In point of fact, we don't actually need this specific template because it already exists (std::max). However, we can extend the basic functionality further by overloading the template function. For instance, suppose we need to frequently find the maximum of three data types. We could call std::max( std::max( x, y ), z ) each time we need to, but we can greatly simplify our code simply by overloading the std::max function with yet another template function:

template <typename _T>

_T const& max( _T const& x, _T const& y _T const& z ) { return( std::max( std::max( x, y ), z )); }

Thus we can extend the functionality further to cater for any number of arguments.

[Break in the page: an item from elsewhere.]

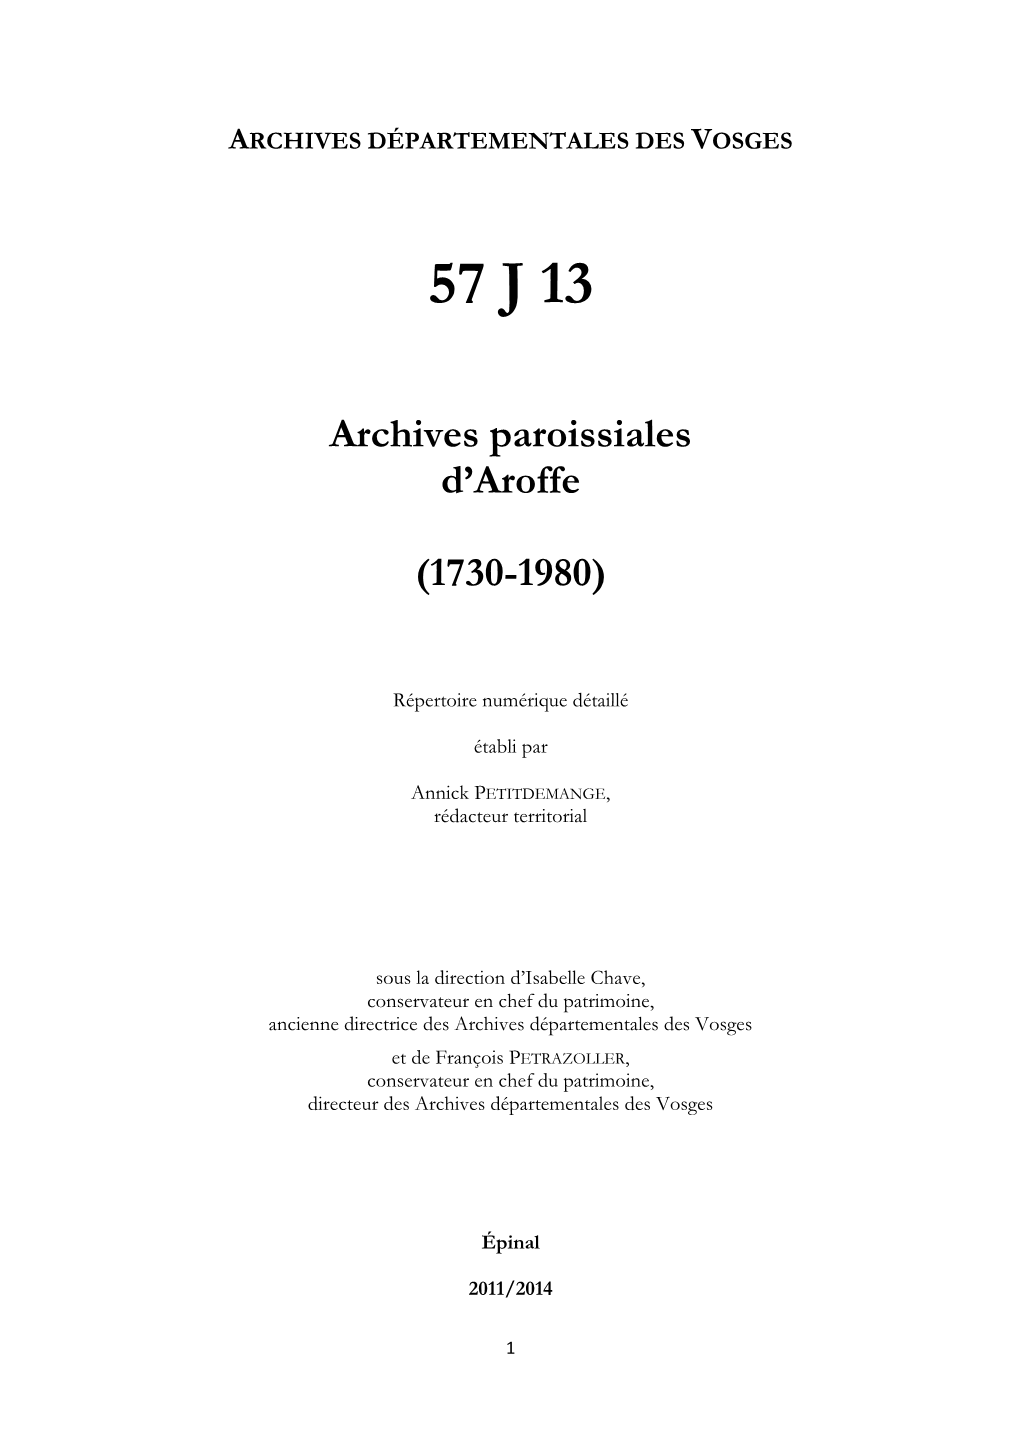 Archives De La Paroisse D'aroffe.Pdf
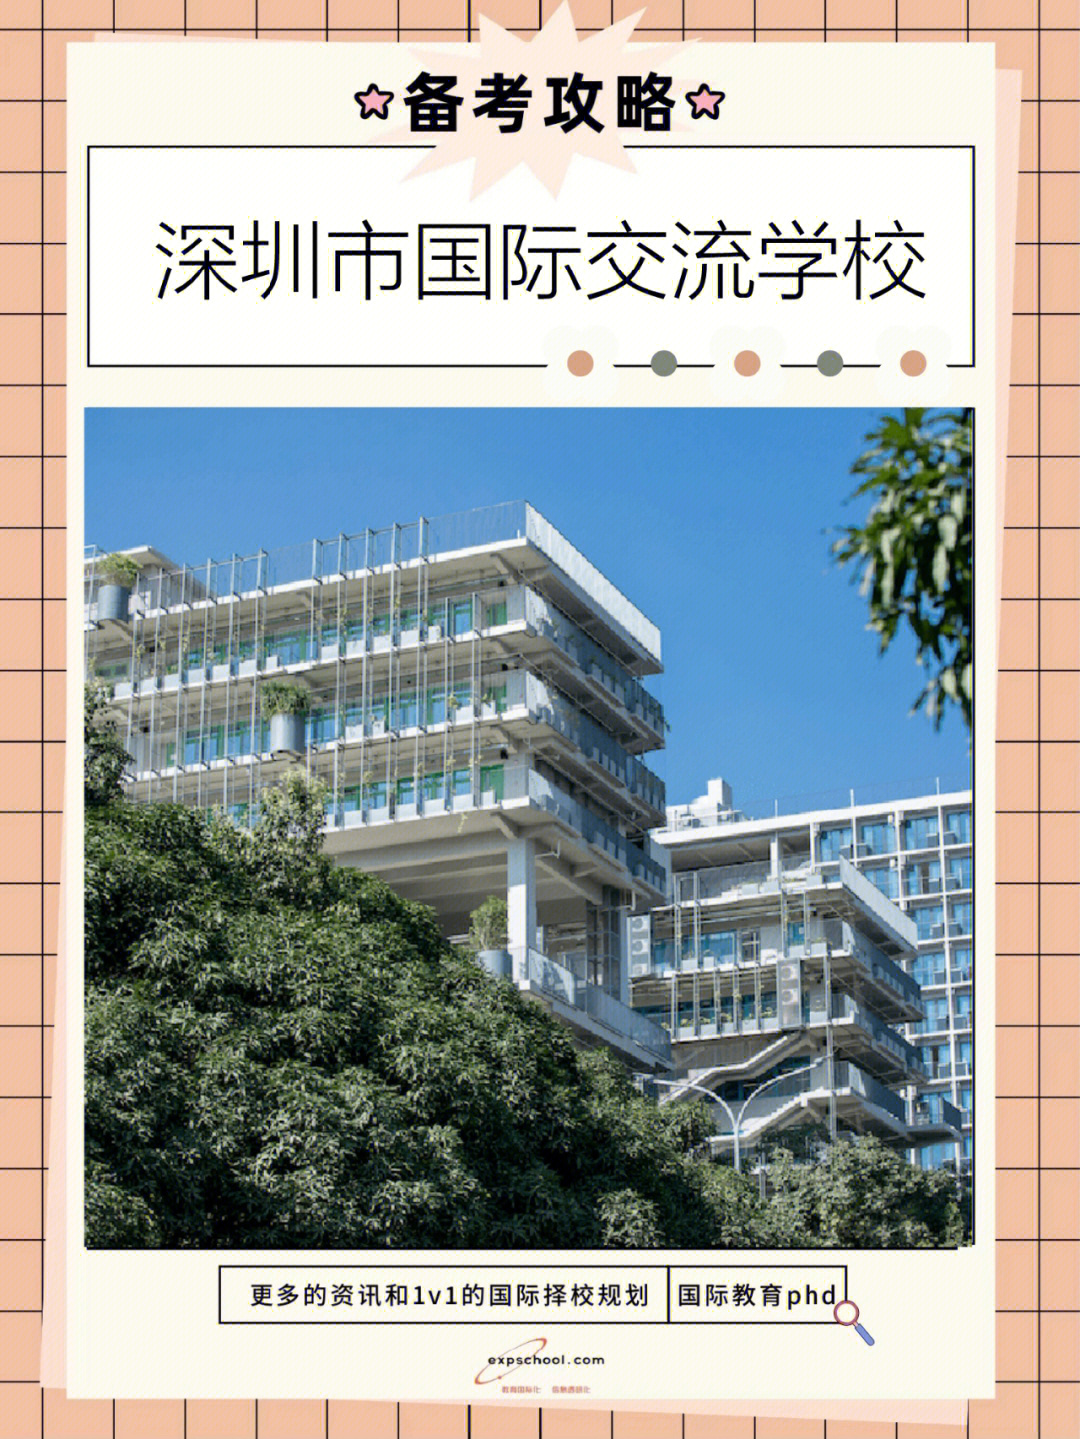 深圳国际交流学院校徽图片

But suppose we have an array and want to return the maximum element in that array. For that we'd need yet another overload, passing a pointer to the starting address of the array along with the length of the array:

template <typename _T>

_T const max( _T const* arr, int length )

{

//

int r = arr[0], i = 1;

while( i < length )

r = std::max( r, arr[i++] );

return( r );

};

Thus we now have one function name which can cater for just about any type we might care to process, provided an appropriate signature exists. And where a suitable signature does not exist, we can easily create one. Function templates allow us to minimise code duplication thus reducing code maintenance, which makes it much easier to modify the implementation (should we need to) in one place, rather than in several places.

The alternative to function overloading (and therefore function templates) would be to provide different function names to cater for each signature, along with individual implementations, even if the implementations are exactly the same. Apart from increasing code duplication and maintenance, the programmer must remember the exact names of each version of the function in order to make the correct call. with function overloading, there is only one function name to remember. The compiler can work out which version of the function to call based on the number and type of arguments passed to the function.